Hello Bio3D team, I have a query regarding calculation of significantly stronger couplings in CNA, as done in 'Comparative structural dynamic analysis of GTPases' plos comp bio paper and in '' jbc paper.

if i have n number of replicates (in my case its 3 for each state), and i do construct CNA for different states of my protein, where underlying dccm is consensus average such that value is >=0.6 in all replicates for given state.

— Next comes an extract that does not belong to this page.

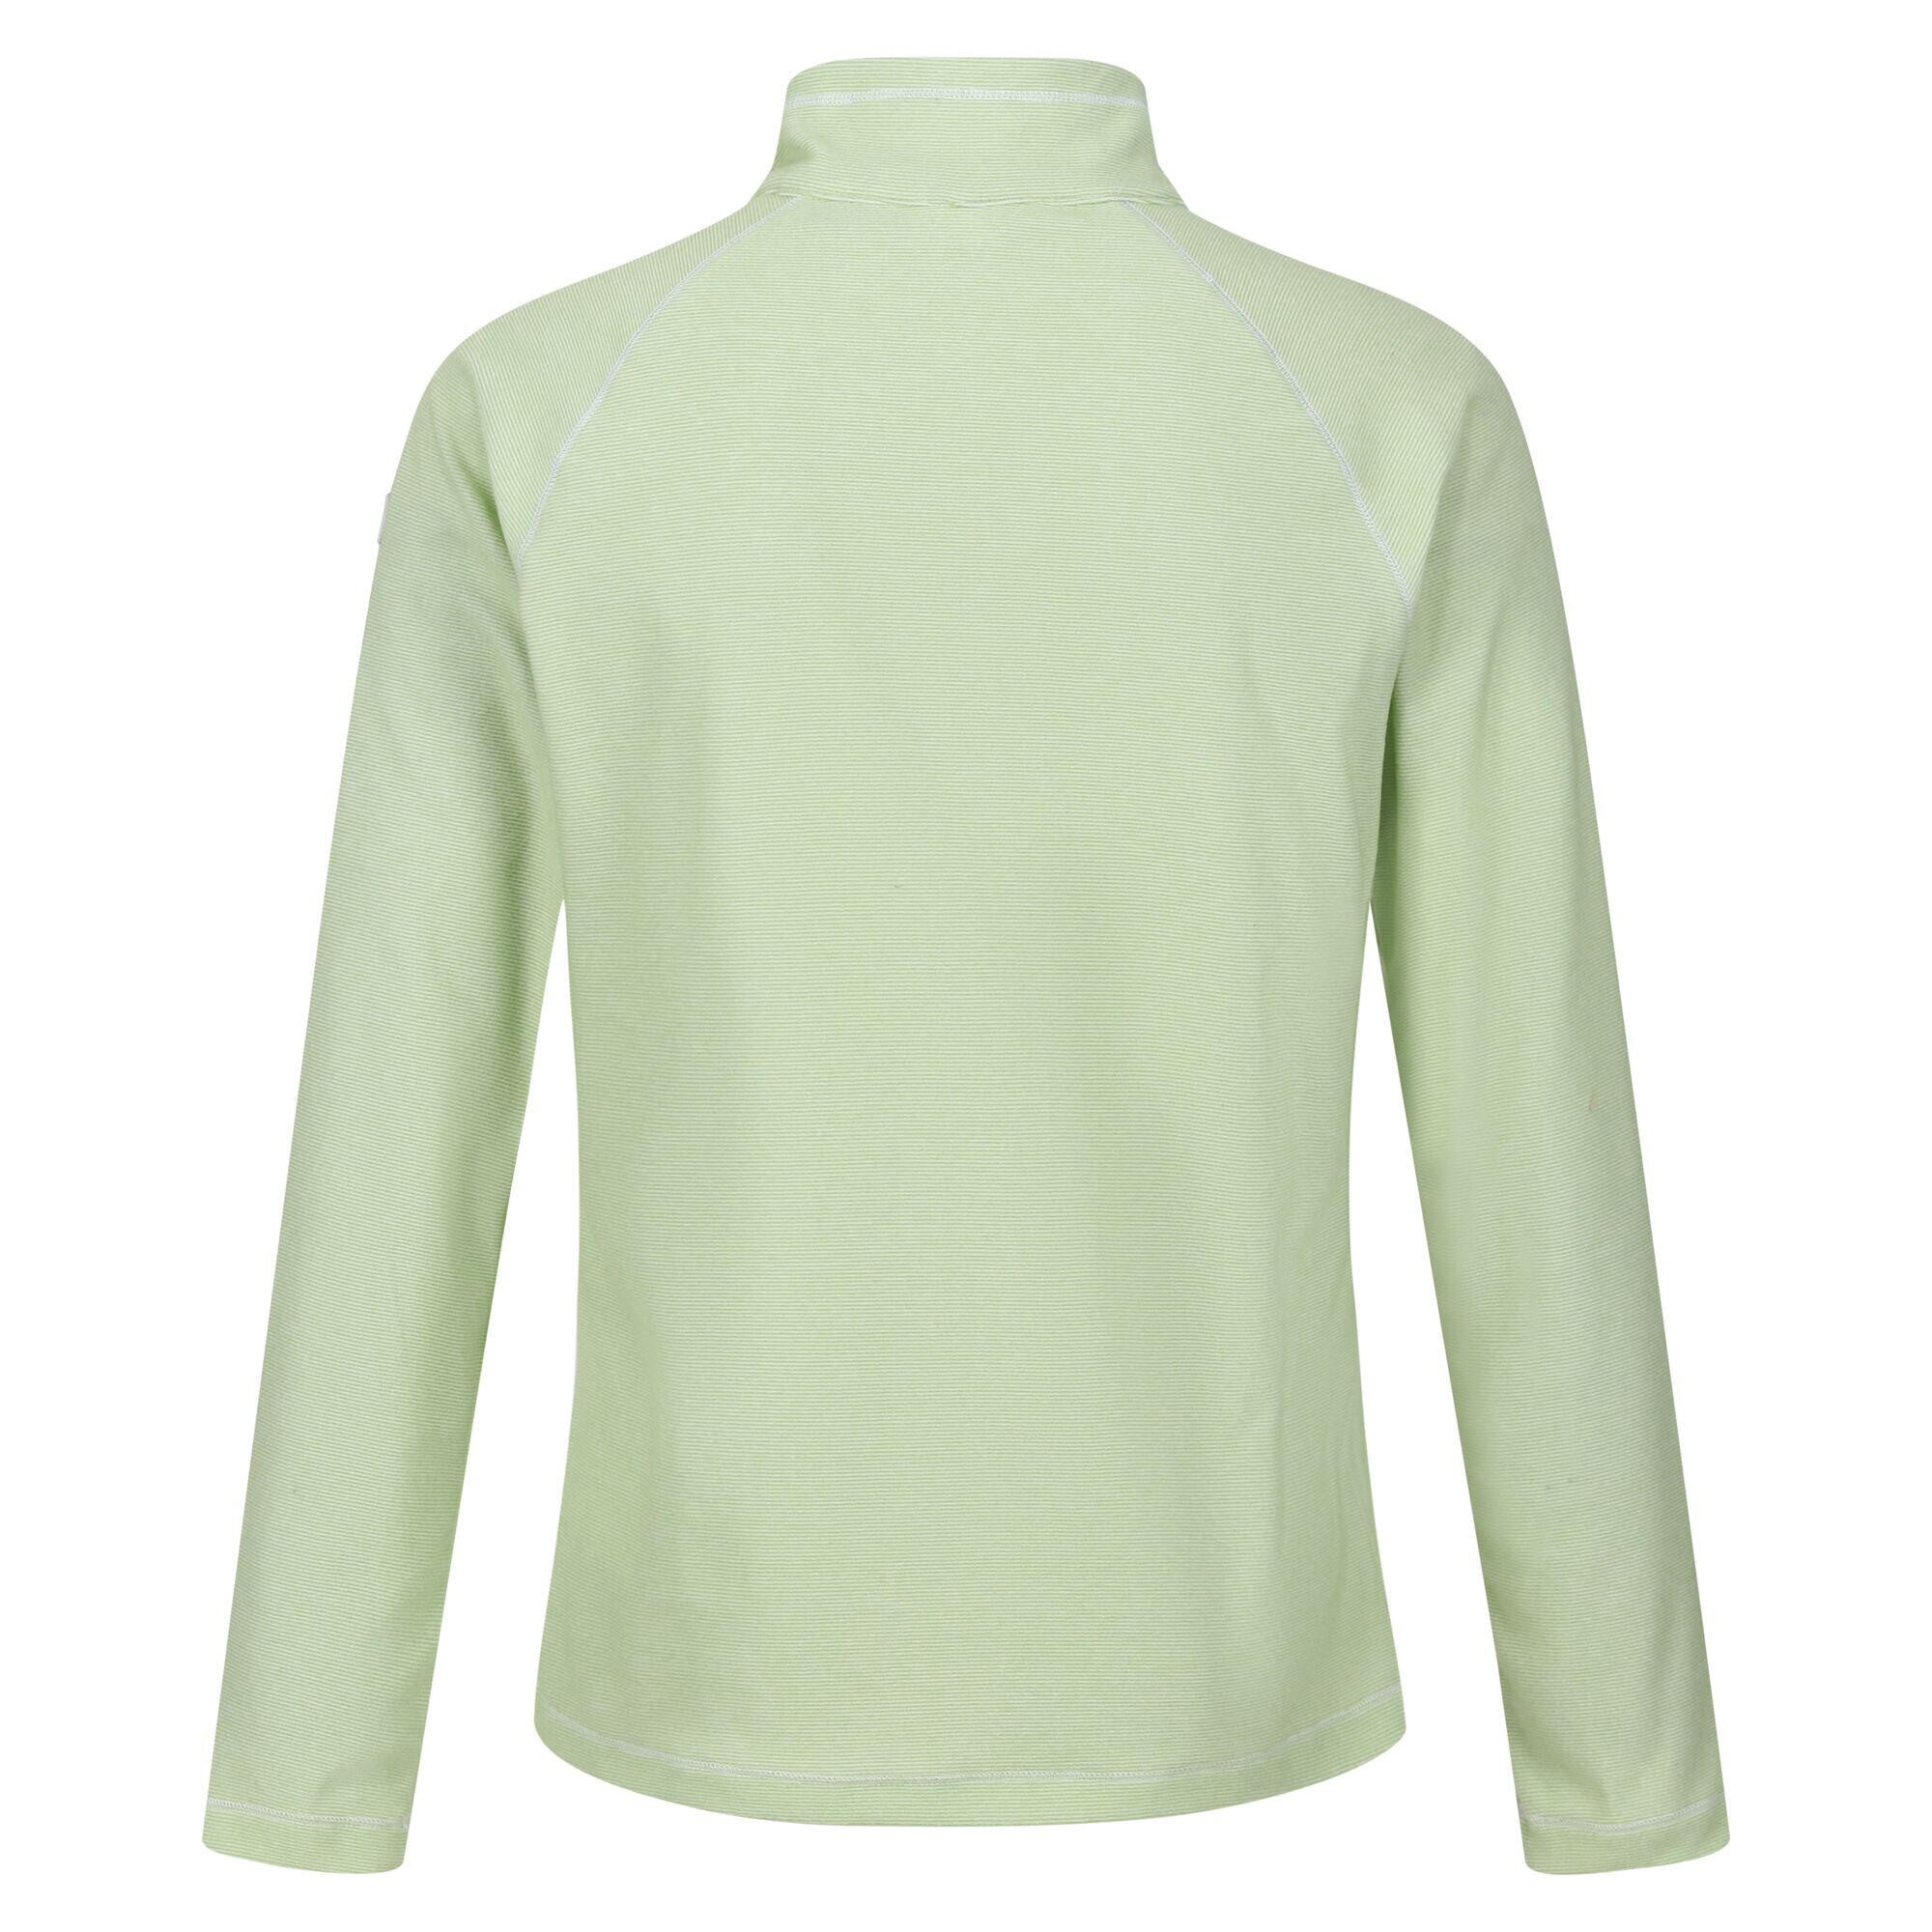 Great Outdoors Womens/Ladies Montes Half Zip Fleece Top (Quiet Green) 2/4

How should i calculate significantly stronger couplings in communities, a) Do i have to only consider common communities in different states of my system ( for example communities that have atleast 90% of residues overlap ?) b) or should i take residue membership of wildtype state and impose it on other different states (such that my overall community count can be increased prior performing statistical test) c) once i have comparable 'consensus' community structure from either of a) or b), performing either of wilcox or t test will give me only significance of their distributions, how to actually infer 'significantly' stronger or weaker 'community' couplings from this ?

Comments (3)

  1. Xinqiu Yao

    Hi,

    First of all, 3 replicates might be too small to talk about statistical significance. I recommend increase the number to at least 5.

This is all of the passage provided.